Let $X$ be a compact complex manifold, and let $\phi: \mathcal X \to B$ be a deformation of $X$, i.e. $\phi$ is a proper submersive morphism of complex manifolds, with central fiber $X_0 = X$. By the Ehresmann theorem we shrink $B$ such that $\mathcal X$ becomes a product
$$ \mathcal X = X \times B$$
in the category of $\mathcal C^\infty$-manifolds, and we can even assume that the fibers of the projection $\phi_1: \mathcal X \to X$ are complex submanifolds of $\mathcal X$, even if $\phi_1$ is not holomorphic [1, Prop 9.5]. So after choosing this trivialisation, we get $\mathcal C^{\infty}$-identifications $X \cong X_t$ for $t \in B$. So we may think of $\phi$ not as deformations of the manifold $X$, but rather as deformations of the complex structure on $X$. So for each $t \in B$ we get a complex structure $I_t: T_{X, \mathbb R} \to T_{X, \mathbb R}$ on the tangent bundle $T_{X, \mathbb R}$, which comes from $X_t$. From this we get an associated decomposition
$$ T_{X, \mathbb C} = T_t^{1,0} \oplus T_t^{0,1}. $$

Let's use this data to define a homomorphism
$$ \alpha_t: T_0^{0,1} \to T_0^{1,0}$$
as follows.
First note that if $t$ is nearby $0$, the projection $T_{X, \mathbb C} \to T_0^{0,1}$ induces an isomorphism if restricted to $T_t^{0,1}$
$$ f_t: T_t^{0,1} \xrightarrow{\cong} T_0^{0,1}.$$
Then $\alpha_t$ is defined as the composition of the inverse $f_t^{-1}$ with the inlcusion $T_t^{0,1} \to T_{X, \mathbb C}$, followed by the projection $T_{X, \mathbb C} \to T_0^{1,0}$. So
$$\alpha_t: T_0^{0,1} \xrightarrow{f_t^{-1}} T_t^{0,1} \subset T_{X,\mathbb C} \xrightarrow{\operatorname{pr}} T_0^{1,0}.$$

For $x \in X$ let $E_x$ denote the fiber of any vector bundle $E \to X$ over $x$.
Voisin then claims for all $x \in X$ the equality
$$ T_{t,x}^{0,1} = \{u – \alpha_t(u) \,|\, u \in T_{0,x}^{0,1}\}.$$
My question is if this is correct?
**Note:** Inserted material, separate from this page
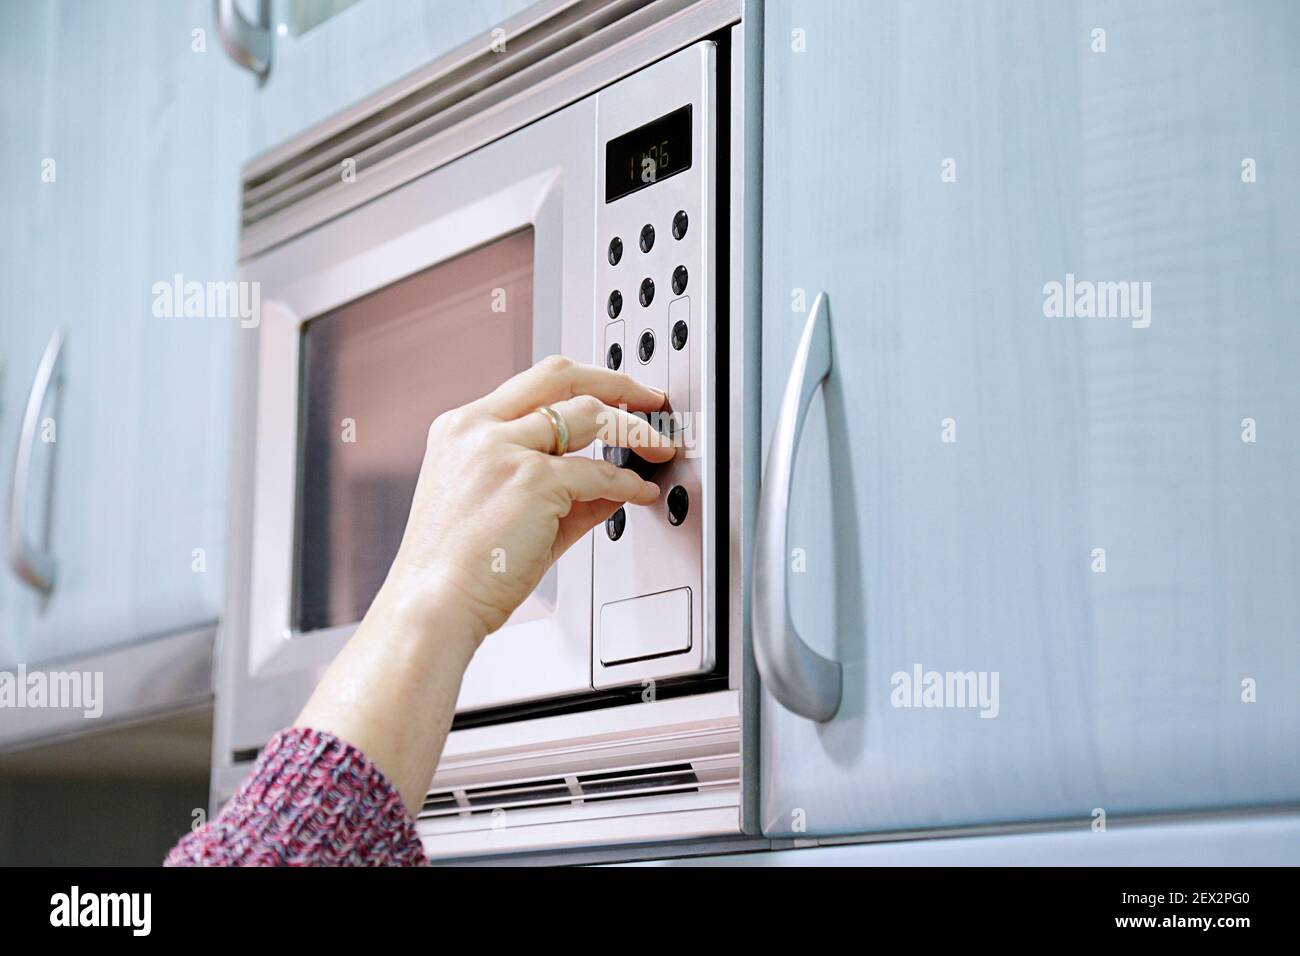 Woman using microwave oven at home. Stock Photo

I get a different sign:

Suppose $w \in T_{t,x}^{0,1}$, and write $w = u + u'$ for $u \in T_{0,x}^{0,1}$, $u' \in T_{0,x}^{1,0}$. Then by definition, $$\alpha_t(u) = (\operatorname{pr} \circ f_t^{-1})(u) = \operatorname{pr}(u + u') = u',$$ so I think it should be $u + \alpha_t(u)$ above.

Did I make a mistake?

[1] Claire Voisin, Hodge Theory and Complex Algebraic Geometry, I

Answer 1

I've come to the conclusion that Voisin deliberately includes the sign for $\alpha_t$ to make Proposition 9.7 work:

The map $T_{B,0} \to A^{0,1}(T_X)$ given by $u \mapsto d_u(\alpha_t)$ has values in the set of $\overline{\partial}$-closed sections of $\mathcal A^{0,1}(T_X)$ and for $u \in T_{B,0}$, the Dolbeault cohomology class of $d_u(\alpha_t)$ in $H^1(X, T_X)$ is equal to $\rho(u)$.

Here $\rho$ is the Kodaira-Spencer map $T_{B,0} \to H^1(X, T_X)$ obtained by the long exact sequence associated to $$0 \to T_X \to T_{\mathcal X}|_X \to \phi^* T_B|_X \to 0.$$